I have a small dataset of question-and-expected-answer pairs that cover the most common query patterns: user counts with standard filters applied, retention calculations, transaction aggregations by country, etc.. If the AI's SQL output changes a lot on these tests after a context update, that tells me that something hasn’t worked as expected.

This isn't a legit evaluation framework (yet), but having even a lightweight testing habit makes iterating much safer (especially now that the whole company is using my system for any AI-generated data queries). Context engineering is not an art, it's a science. It’s empirical and I don’t think you can just reason your way to the right structure, you have to test it.

This approach could be obsolete in 6 months. That's fine.

One thing I'm deliberate about: this entire system should be replaceable without a lot of faff.

Context windows are getting bigger every few months. Prompting techniques that work well today may be replaced by something better-understood next year. New model capabilities change what's worth putting in context versus what the model can infer. The way I've structured metadata in YAML files might not be the most effective format six months from now.

So I've tried to keep the system loosely coupled:

The .yml source files are what structures the format of the context. The BigQuery tables are just a compiled output. They’re easy to recompile in a different shape.
The GitHub Action that builds the context tables is simple and easy to swap out.
The system prompt is intentionally minimal. Changing how context is loaded doesn't require rebuilding the prompt.

If a better approach to context engineering emerges (and it will) I want updating this system to feel like a refactor, not a total rewrite.

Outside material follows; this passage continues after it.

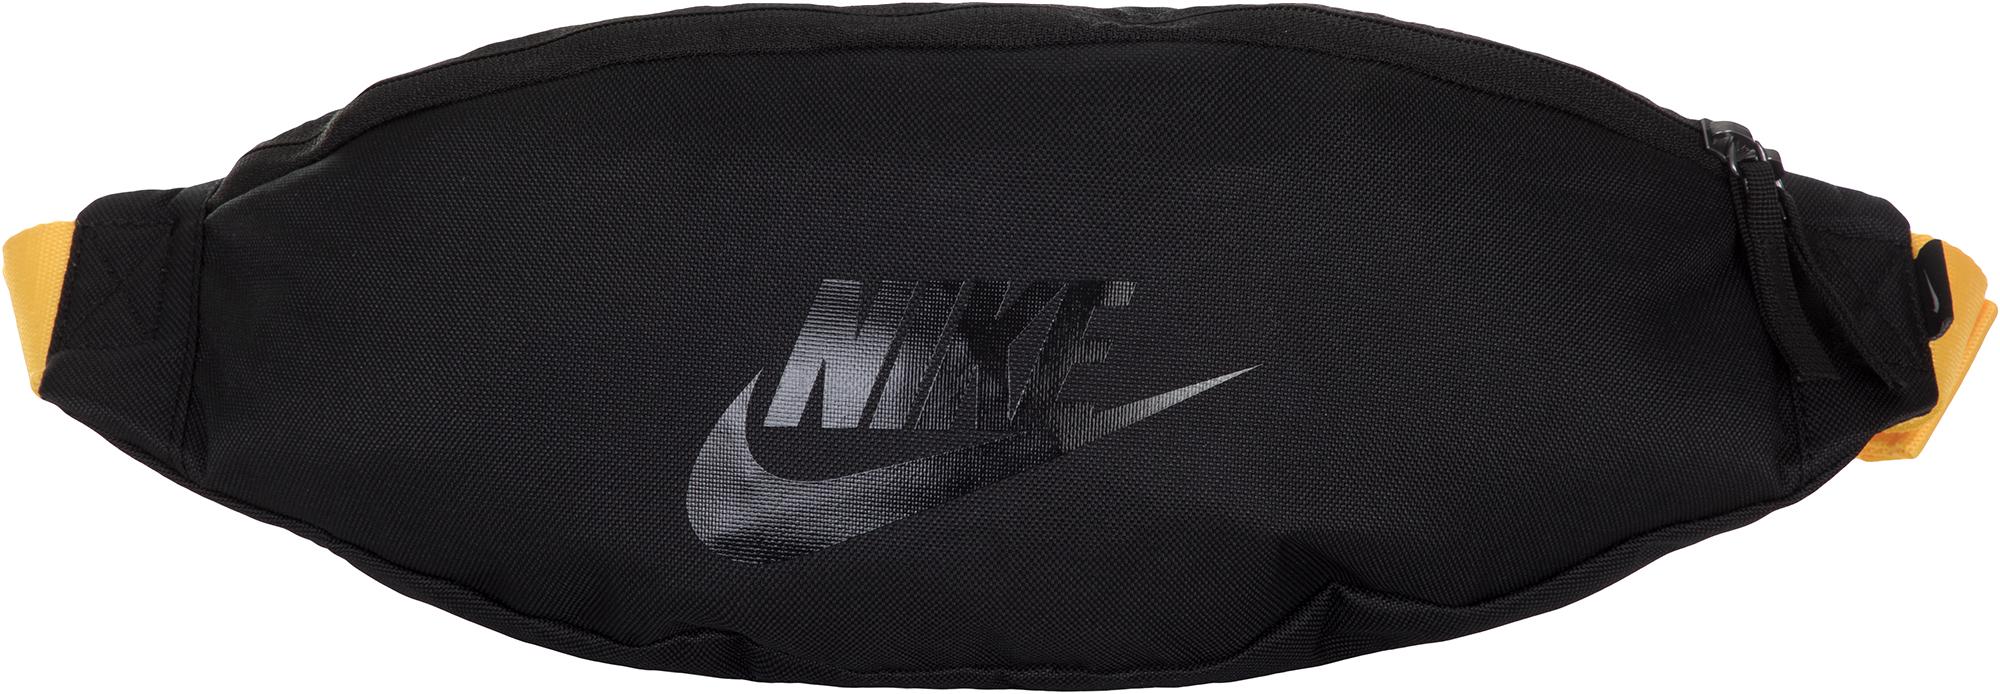 купить Nike Сумка на пояс Nike Heritage по цене 1499 рублей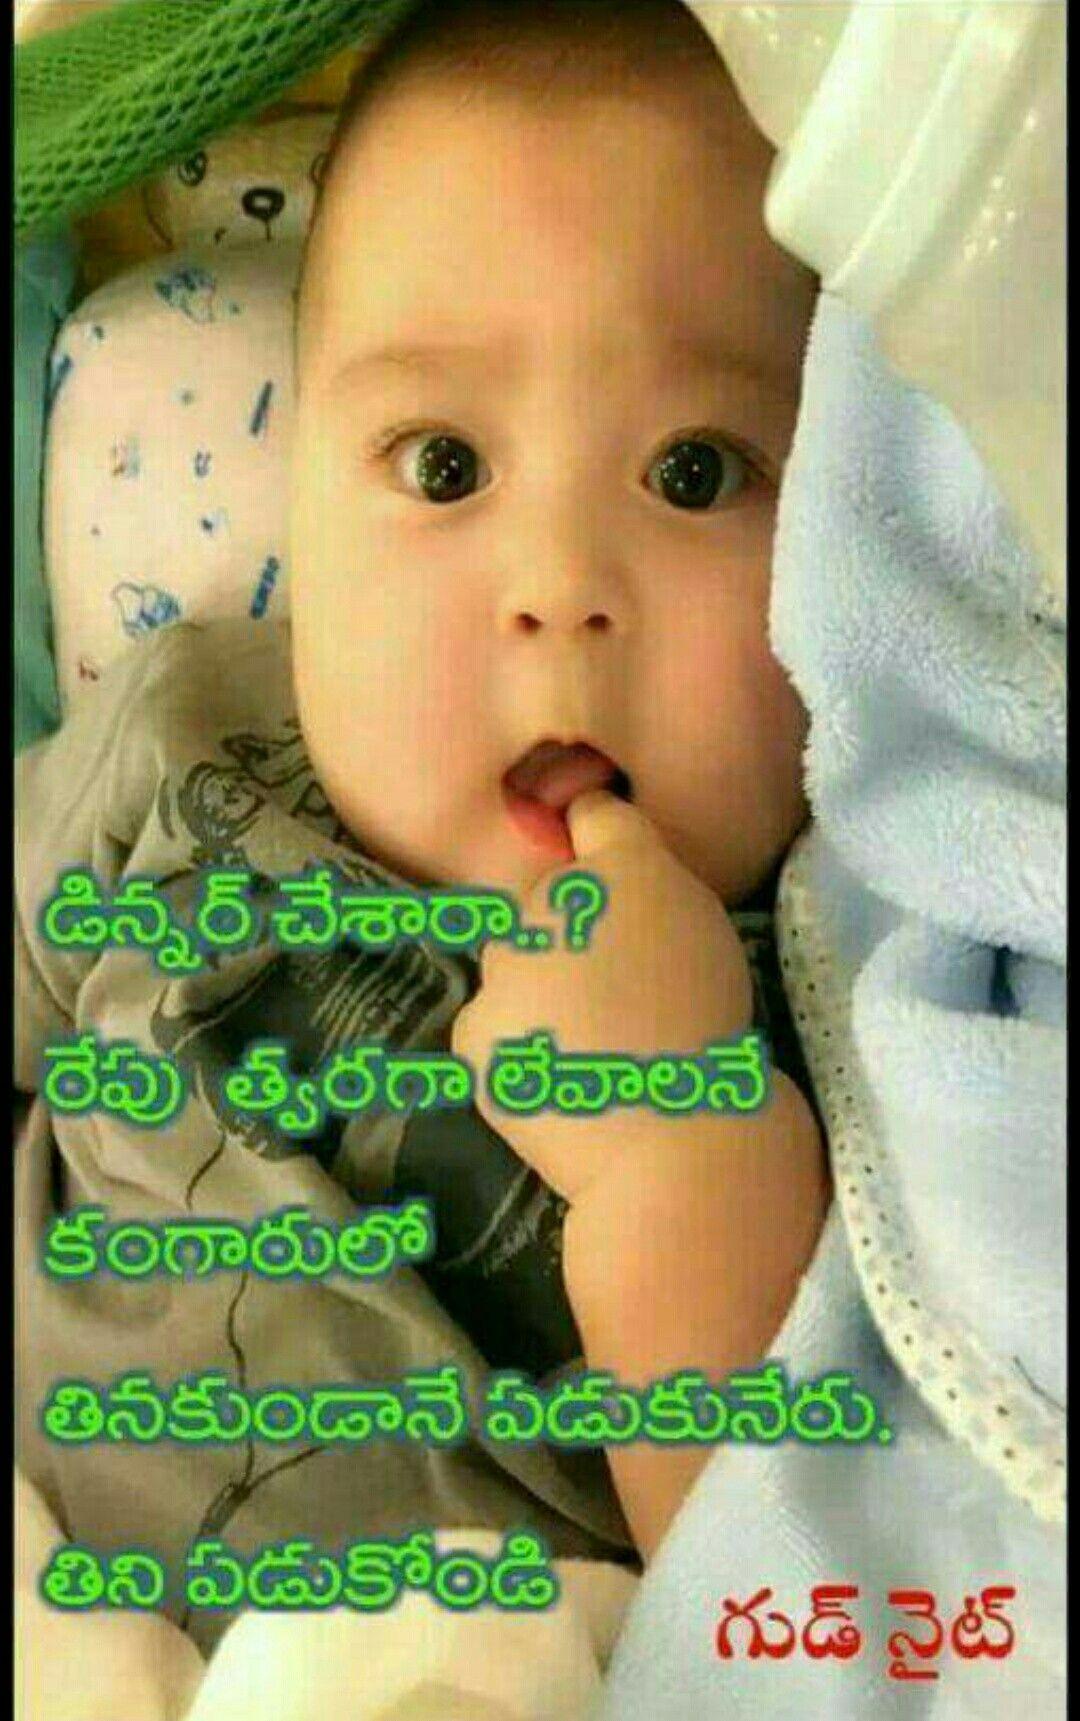 Pin By Bindu Balimidi On Night Good Night Quotes Good Night Wishes Good Night Funny

Why Data People should be great context engineers

Context engineering is basically the problem of taking a large, messy information landscape and producing an accurate, understandable summary that enables better decisions, faster. That is quite literally what data teams do. We use data to help people make better decisions, faster.

When we build a model, we're deciding what information is important enough to surface and what's noise. When we write a dbt schema file, we're encoding business context into machine-readable form. When we define a metric, we're creating a shared language for the organization. All of that is context engineering. We just called it something else.

The tools are different. The customer is an LLM instead of a BI tool or a downstream analyst. But the skill of taking ambiguous, sprawling data and producing high-signal, structured context that feeds good decisions is one data teams have been developing for years.

If you're on a data team thinking about how to make AI useful for your organization, you're probably closer to solving this than you think.